**YOUR INSTRUCTIONS**
Print the listing exactly as it stands, and skip any pictures in it.

**INFORMATION SHOWN**
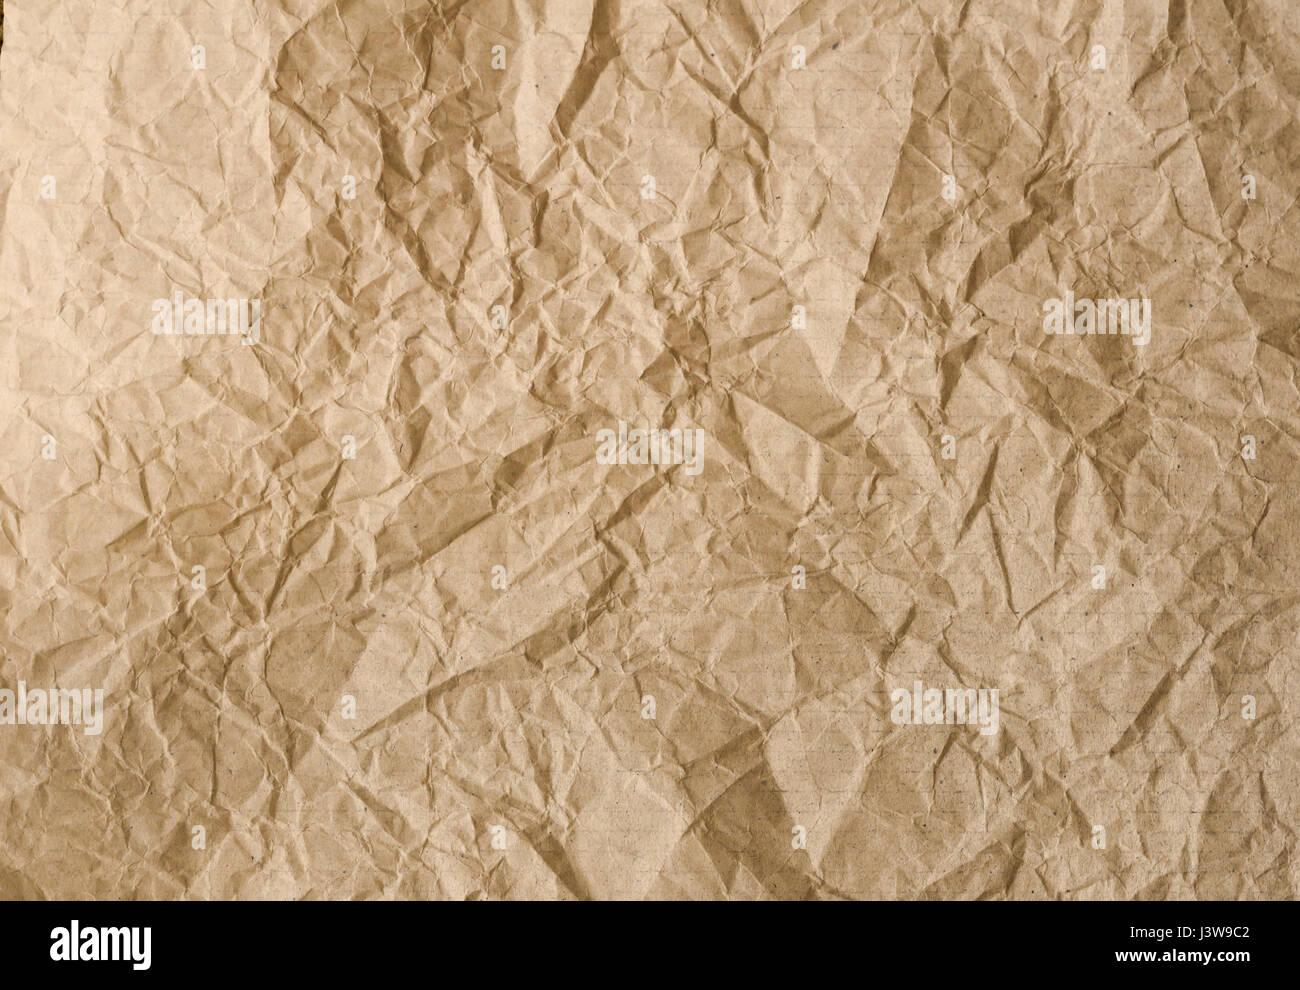 Papier froissé marron texture background Photo Stock
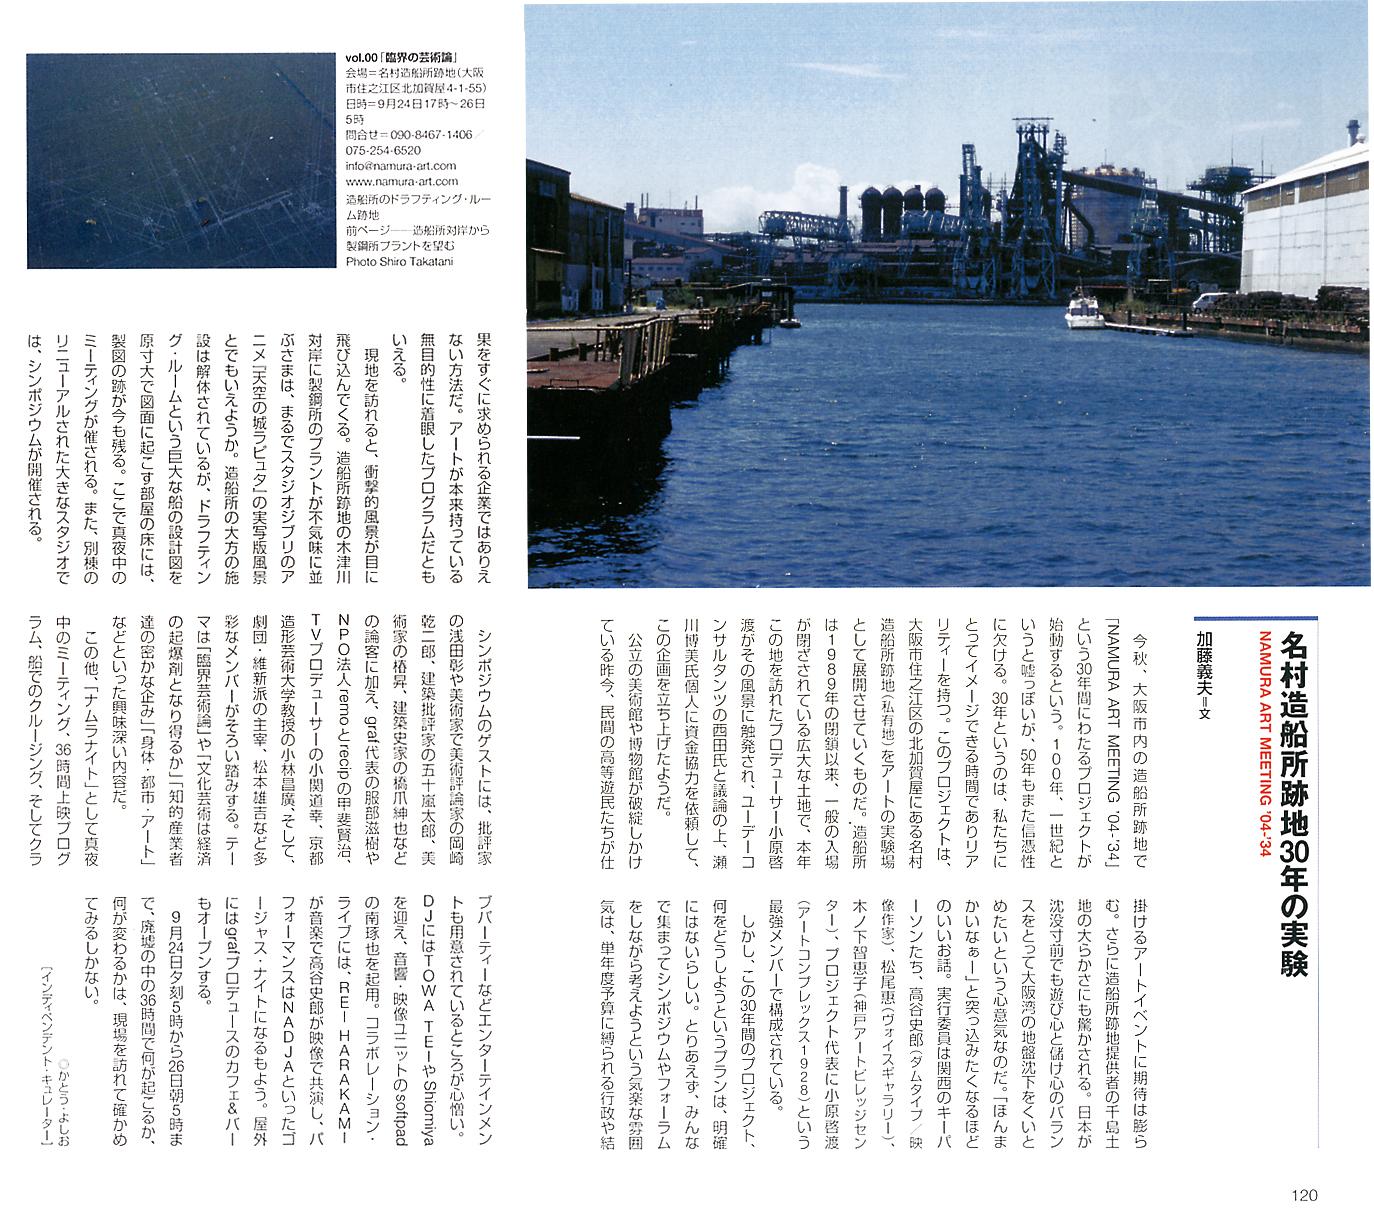 名村造船所跡地30年の実験 美術手帖/2004年10月号
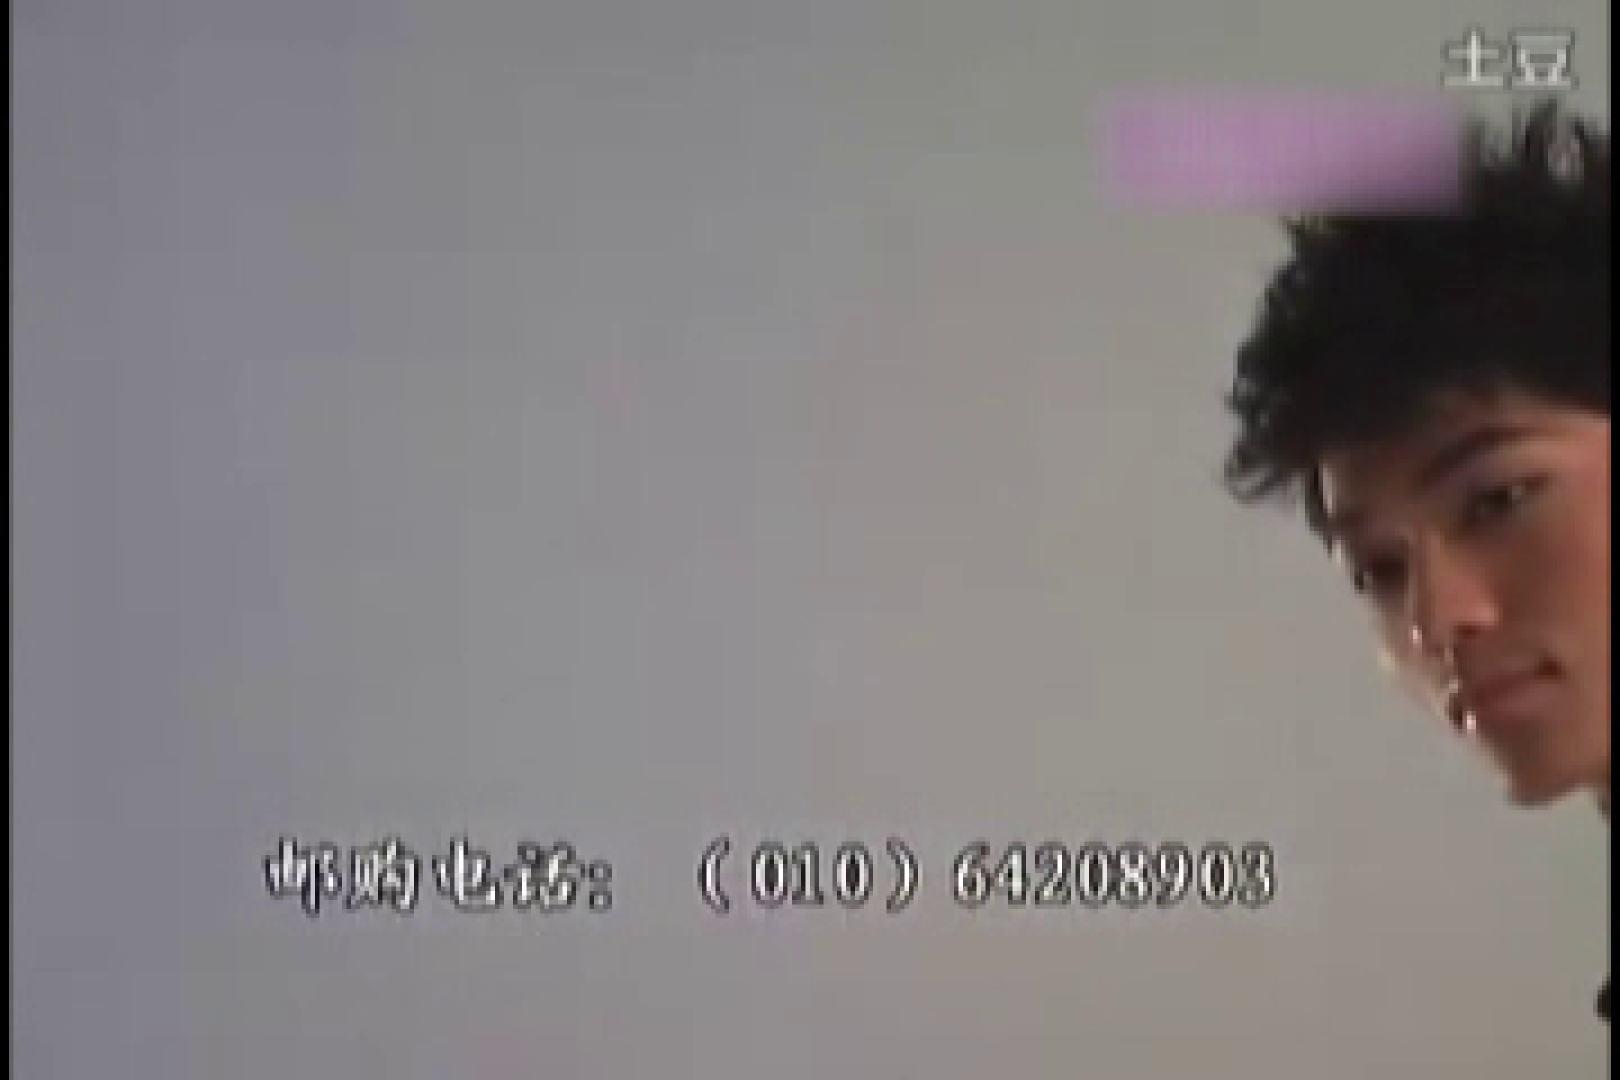 中出有名ゲイ雑誌★魅力●生★付録DVD収録スーパーモデルヌードvol6 モデル アダルトビデオ画像キャプチャ 69pic

**SOLUTION TO THE EXERCISE**
 Papier froissé marron texture background Photo Stock
 名村造船所跡地30年の実験 美術手帖/2004年10月号
 中出有名ゲイ雑誌★魅力●生★付録DVD収録スーパーモデルヌードvol6 モデル アダルトビデオ画像キャプチャ 69pic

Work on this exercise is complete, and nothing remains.